According to a written agreement obtained by Israel Hayom newspaper, the Dutch government gave B’Tselem no less than 176,000 euros (approximately $200,000) toward writing the report, which was released by the left-wing NGO last week.
Under the heading, “Expulsion of Palestinian Communities from their Land,” the “pilot case” is focused on “the role of the Supreme Court in the expulsion of the Palestinian communities (in the West Bank), focusing mainly on the Jordan Valley, the southern Hebron hills and the Ma’aleh Adumim area.”
From the Dutch government’s position, the agreement says “the situation [in Israel] of human rights developments, rights of women, the most serious violations and freedom of expression are all under pressure.”
It went on to state that B’Tselem’s mission as a non-governmental Palestinian human rights organization based in Israel “feeds very well into the Dutch priority of supporting ‘change agents.’”
B'Tselem -- which most Israelis consider a far-left group for its calls to “end Israel’s occupation” -- is frequently the target of condemnation by Israel’s government and some citizens who view the organization as hostile to the Jewish state.
The agreement between B’Tselem and the Dutch government reportedly stipulated that the NGO’s analysis must “regularly refer to” Israel’s highest legal authority as a facilitator of the “occupation.”
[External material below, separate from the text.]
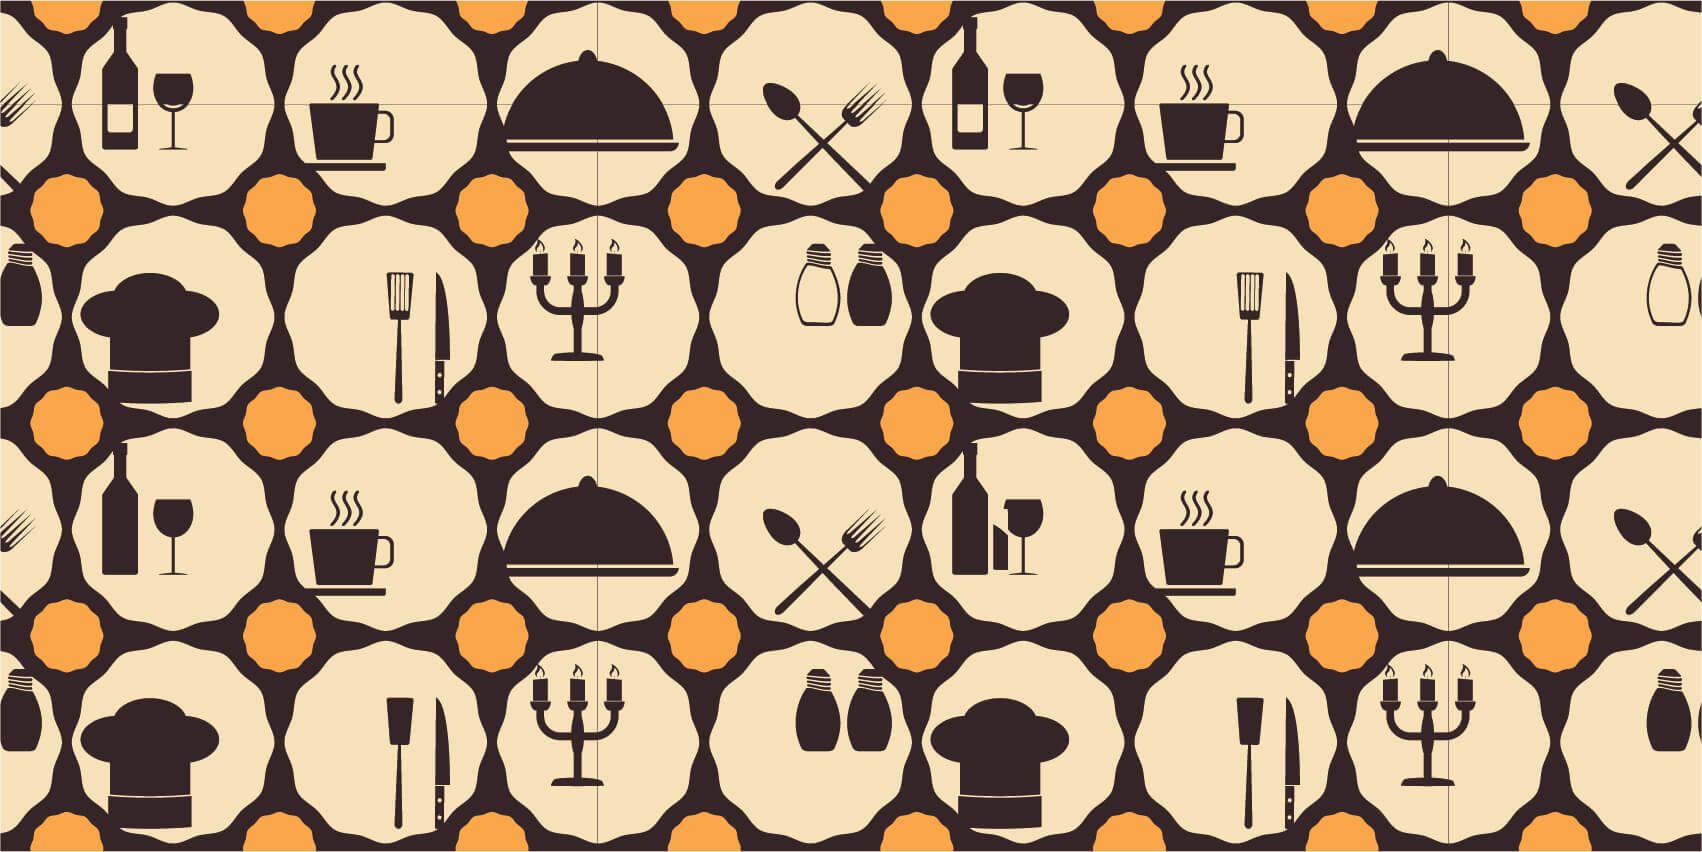 Other - Restaurant symbols - Kitchen

“B’Tselem will regularly refer to the Supreme Court as one of the main systems that enables the continued occupation and violations of human rights by granting judicial legitimacy to Israeli policy,” the document says.
The Israeli government recently took a public stance against B'Tselem after the United Nations invited the human rights group to address the UN Security Council in October. Israel’s ambassador to the UN called the invitation “shameful.”
B'Tselem's Executive Director Hagai El-Ad spoke to the UN Security Council in a speech critical of various Israeli policies regarding the Palestinians and urged the international community that the time had come for action on the Palestinian situation.
Monday’s report comes just a day after the Netherlands is said to have changed its policy on how Palestinians with Dutch and European documentation are allowed to register their official birthplace.
Palestinians born after the establishment of the state of Israel on May 15, 1948 will soon be permitted to list their birthplace as “the Gaza Strip, the West Bank, or East Jerusalem,” Dutch State Secretary Raymond Knops reportedly told the House of Representatives in The Hague on Friday, according to Haaretz.
Despite the UN and some 136 countries independently recognizing a Palestinian state, the norm in the European Union (EU) has been to await such status within an established peace agreement between Israel and the Palestinians.
The move is another progressive step taken by the Dutch government, since it decided to add “unknown” as a birthplace option for Palestinians in 2014, who previously had no choice but to register themselves as born in Israel.